I’d had brave words for the network executive at Viacom in reply to his almost nonchalant, “We’ve decided to move in a different direction. Degrassi is over, but we’d like you to come back to us with some ideas on how to celebrate the fourteen years you’ve been the top show on our network — something fitting to end the series.”

“It’s not ending,” I’d said. “We believe in what we’re doing. We thought you did, too. Our plans for this coming season are just too good to let go. Degrassi is going to continue. If not with you, then somewhere else.”

He ignored me. “I’ll look forward to hearing what you come up with to finish the show. Something grand. A special episode, maybe? Or … how ’bout you talk Drake into doing a two-hour concert special to end it all?

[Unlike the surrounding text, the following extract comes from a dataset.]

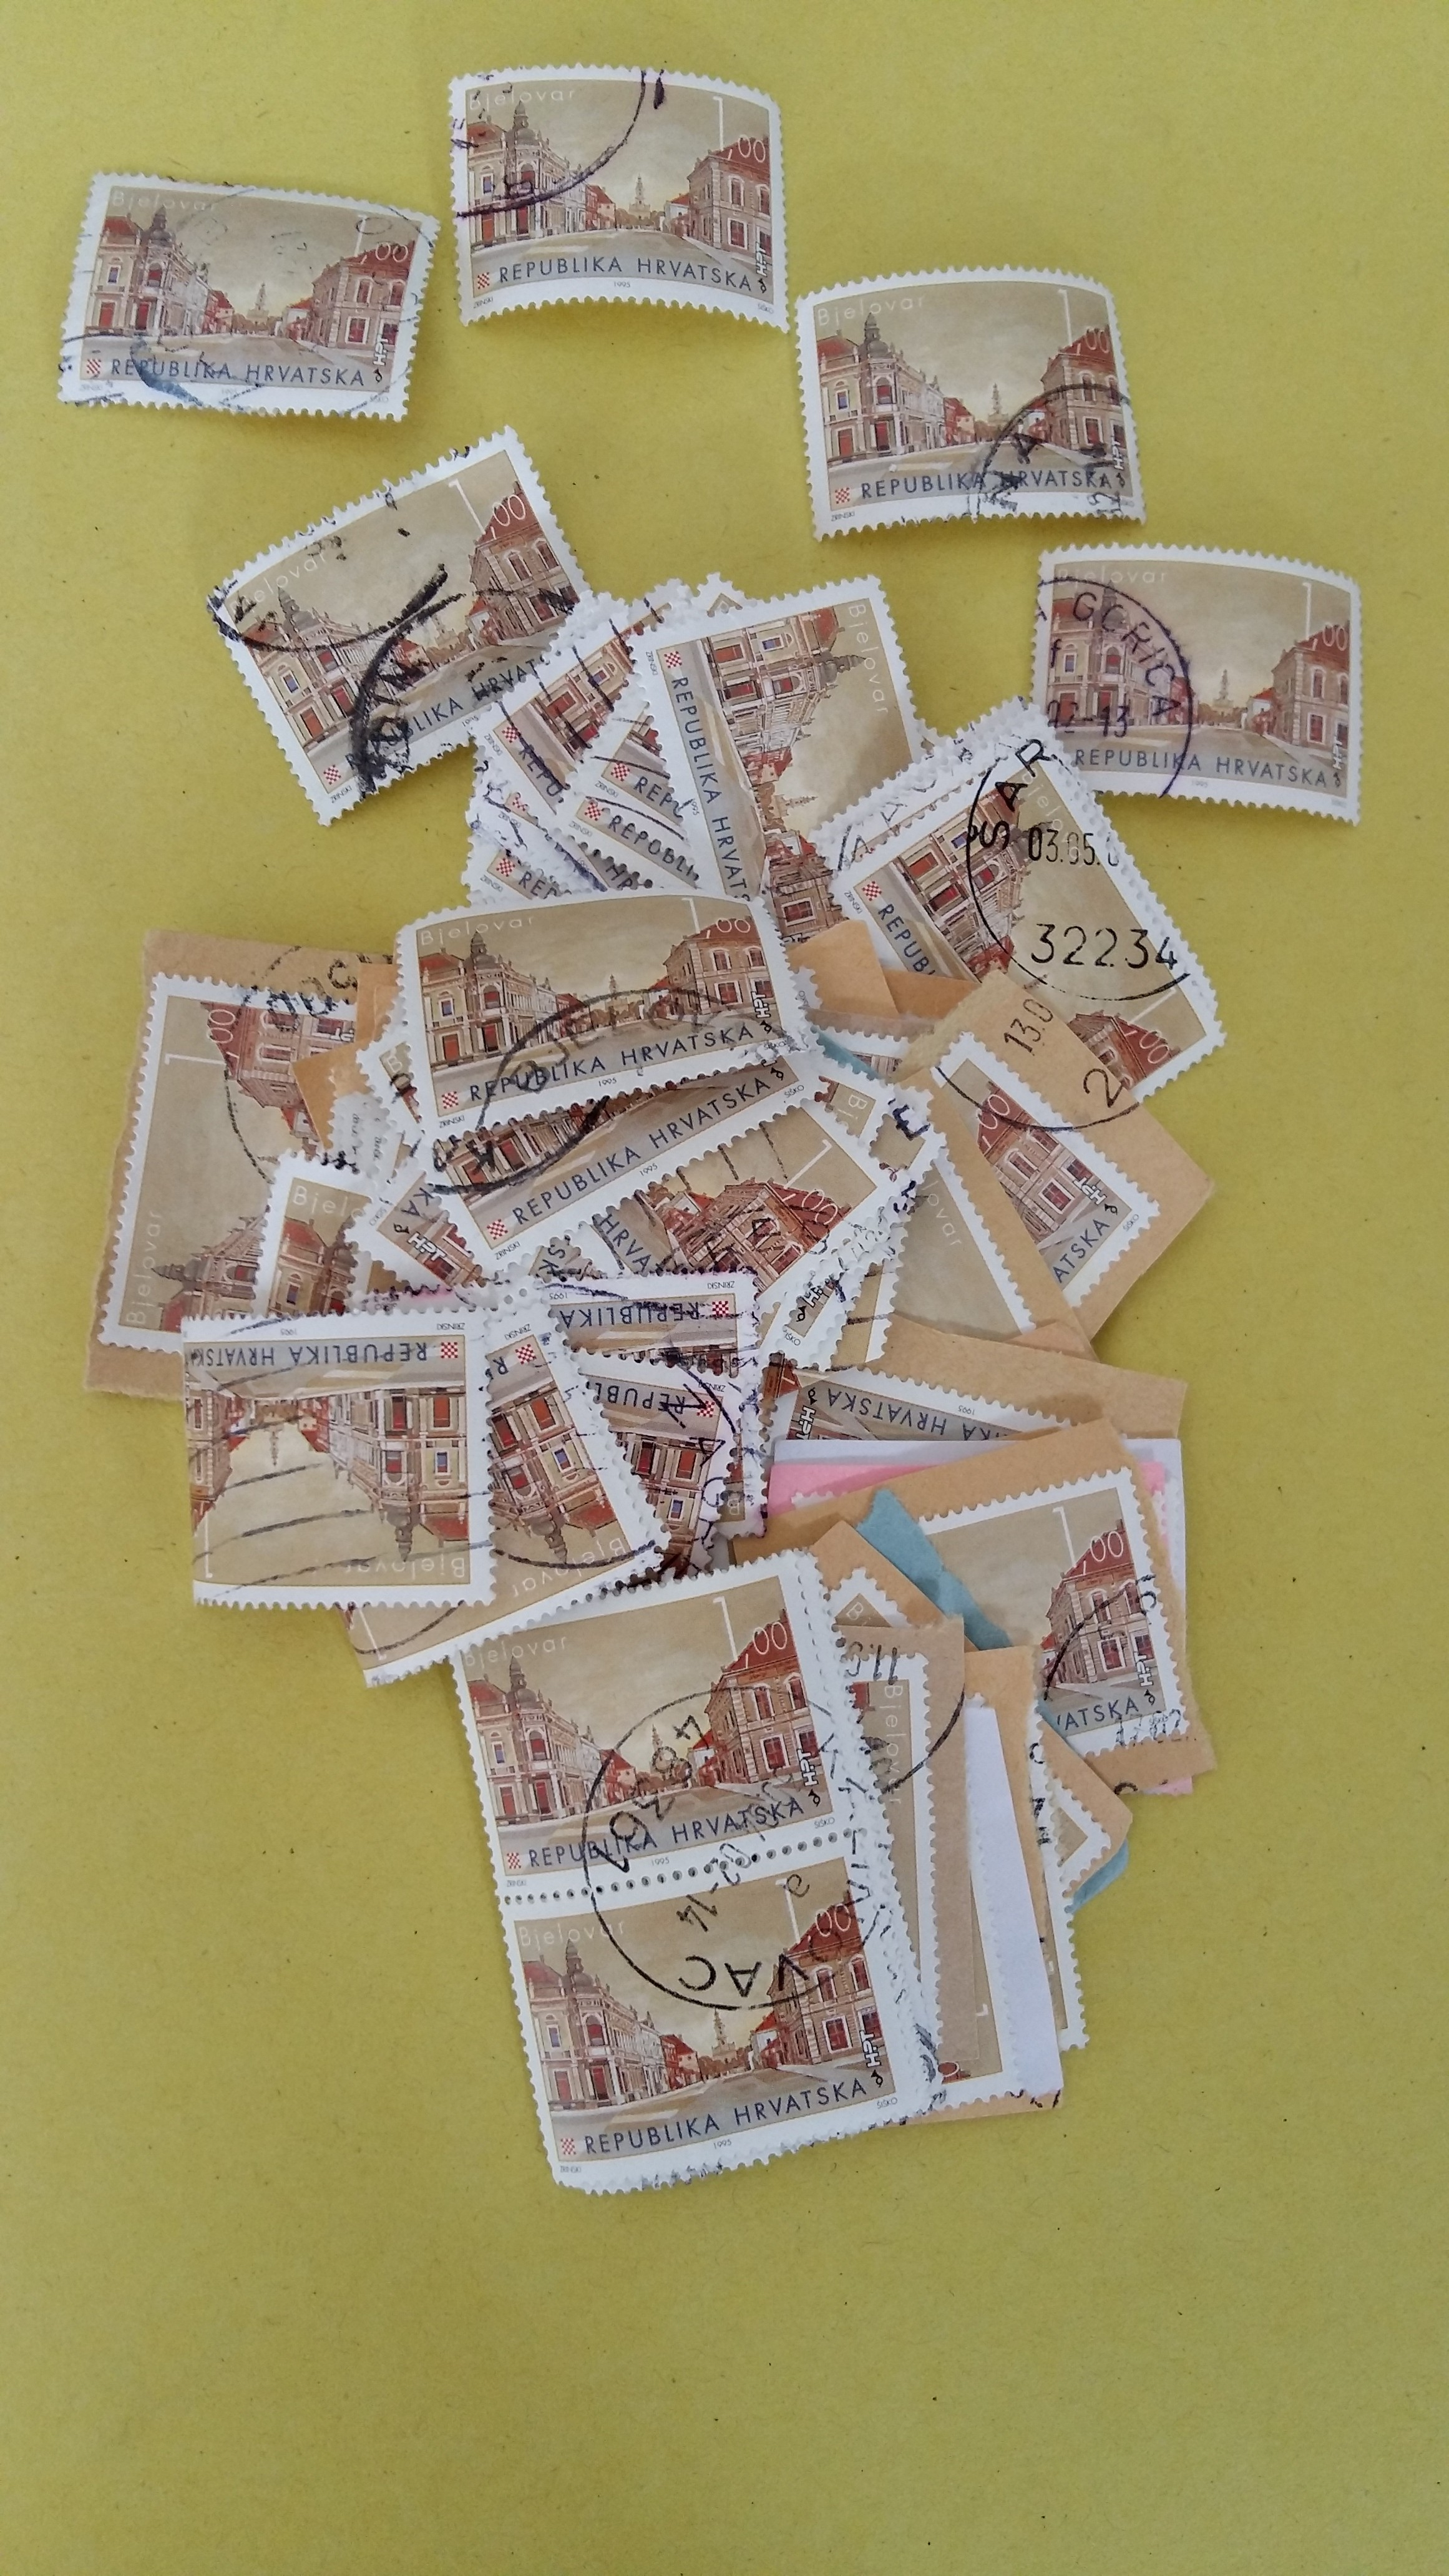 Croatia double stamps 20190928-135259

Think about it and get back to me.”

Click. And that was it. A complete shock. We’d been sure the upcoming season was in the bag. But the television business can be brutal. Despite my confident words, it appeared this was indeed the end. Mute, I stared out the window and recalled the day thirty-five years earlier when, as a newly minted entertainment lawyer, I had first met my future wife, Linda Schuyler. It was a quick meeting, made quicker by the advice I had given her: “Don’t hire me!”

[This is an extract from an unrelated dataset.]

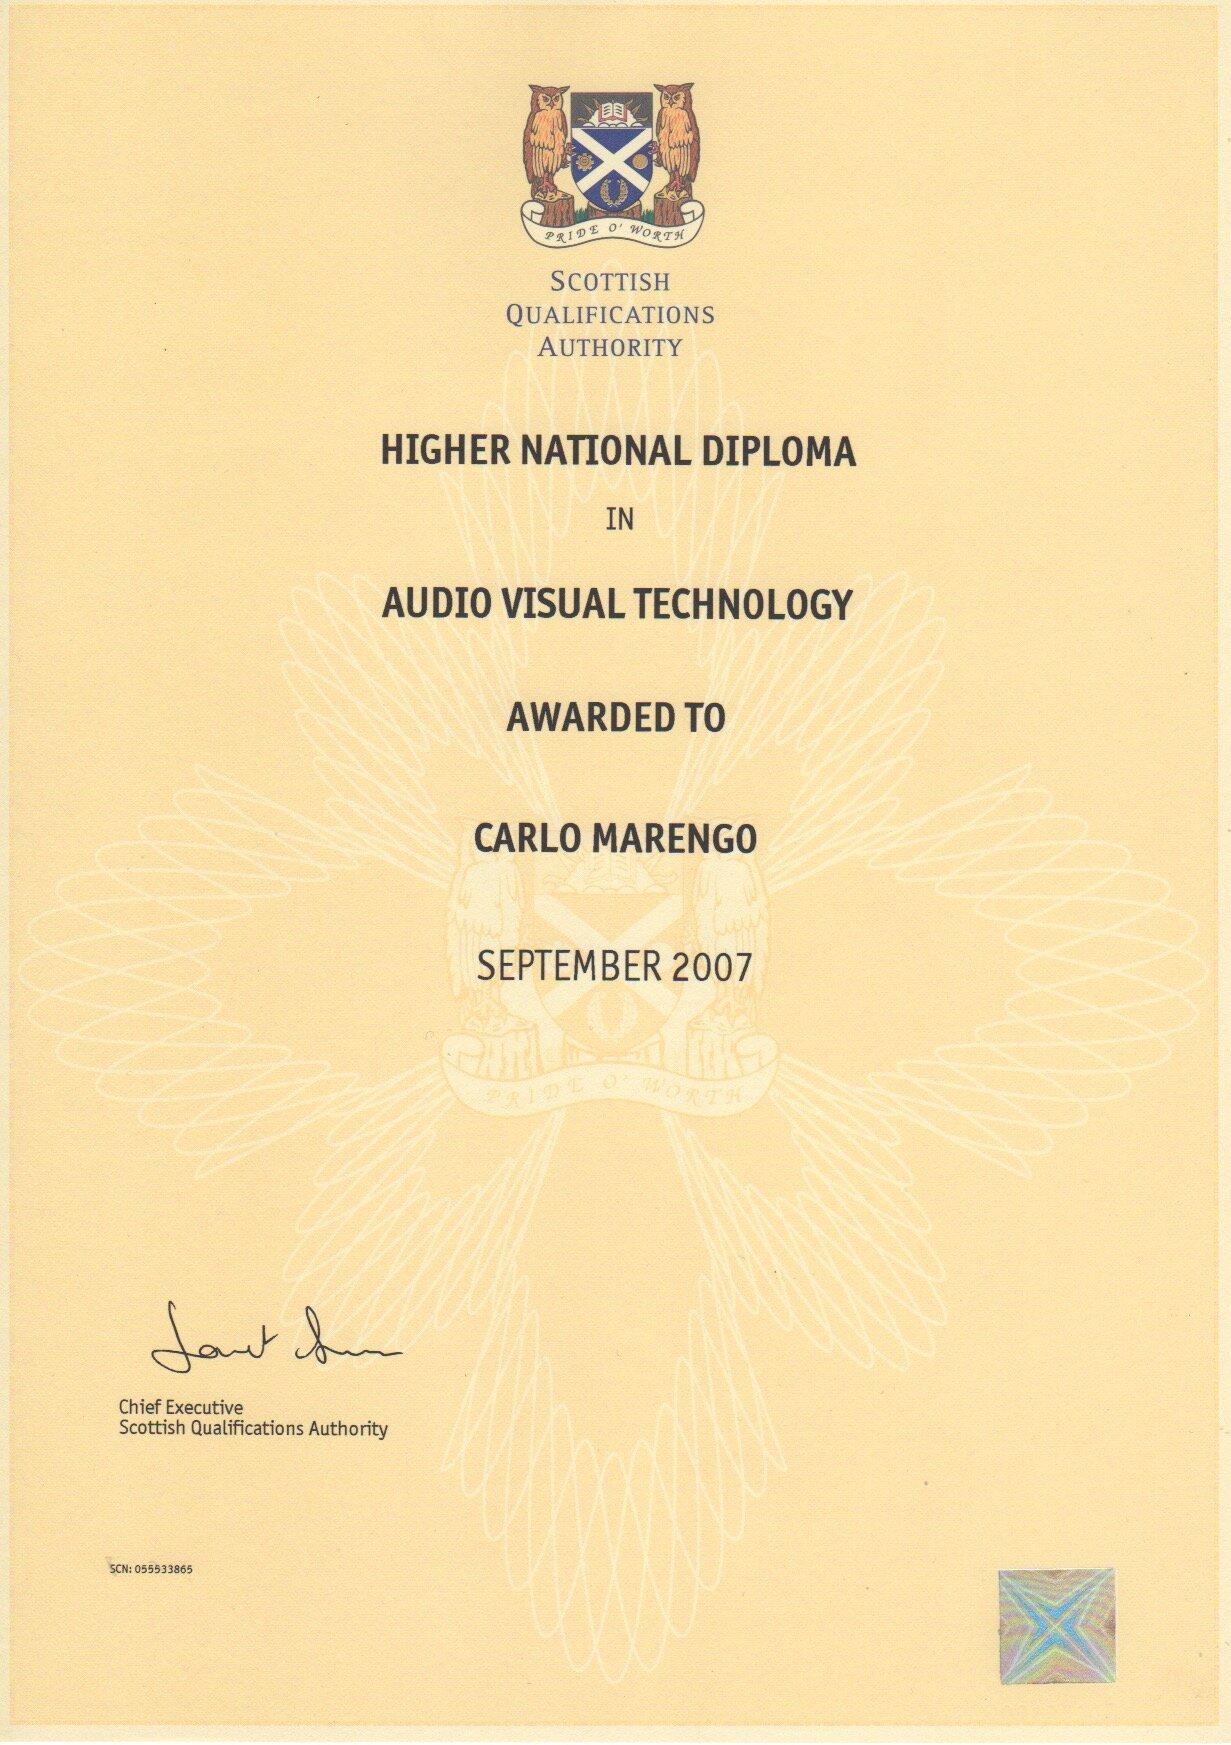 carlo-marengo-hnd-diploma.jpeg

She was holding a small book entitled Ida Makes a Movie, and she wanted to buy the rights to turn it into a short television film. The book was out of print, and I suggested that buying the rights should be very straightforward; however, if lawyers got involved it could get unnecessarily complicated. “Here’s a form for an assignment of all audiovisual rights of whatsoever nature or kind, now or hereafter known, in perpetuity, throughout the universe,” I said (as a young lawyer I couldn’t help talking in legal mumbo-jumbo). “Take it yourself to the publisher in New York, offer them a small cash payment, and see what happens.” I added that by the time I opened a file for her and issued a bill, the internal cost would be greater than any fee I would charge for the small time involved, so my advice was for free.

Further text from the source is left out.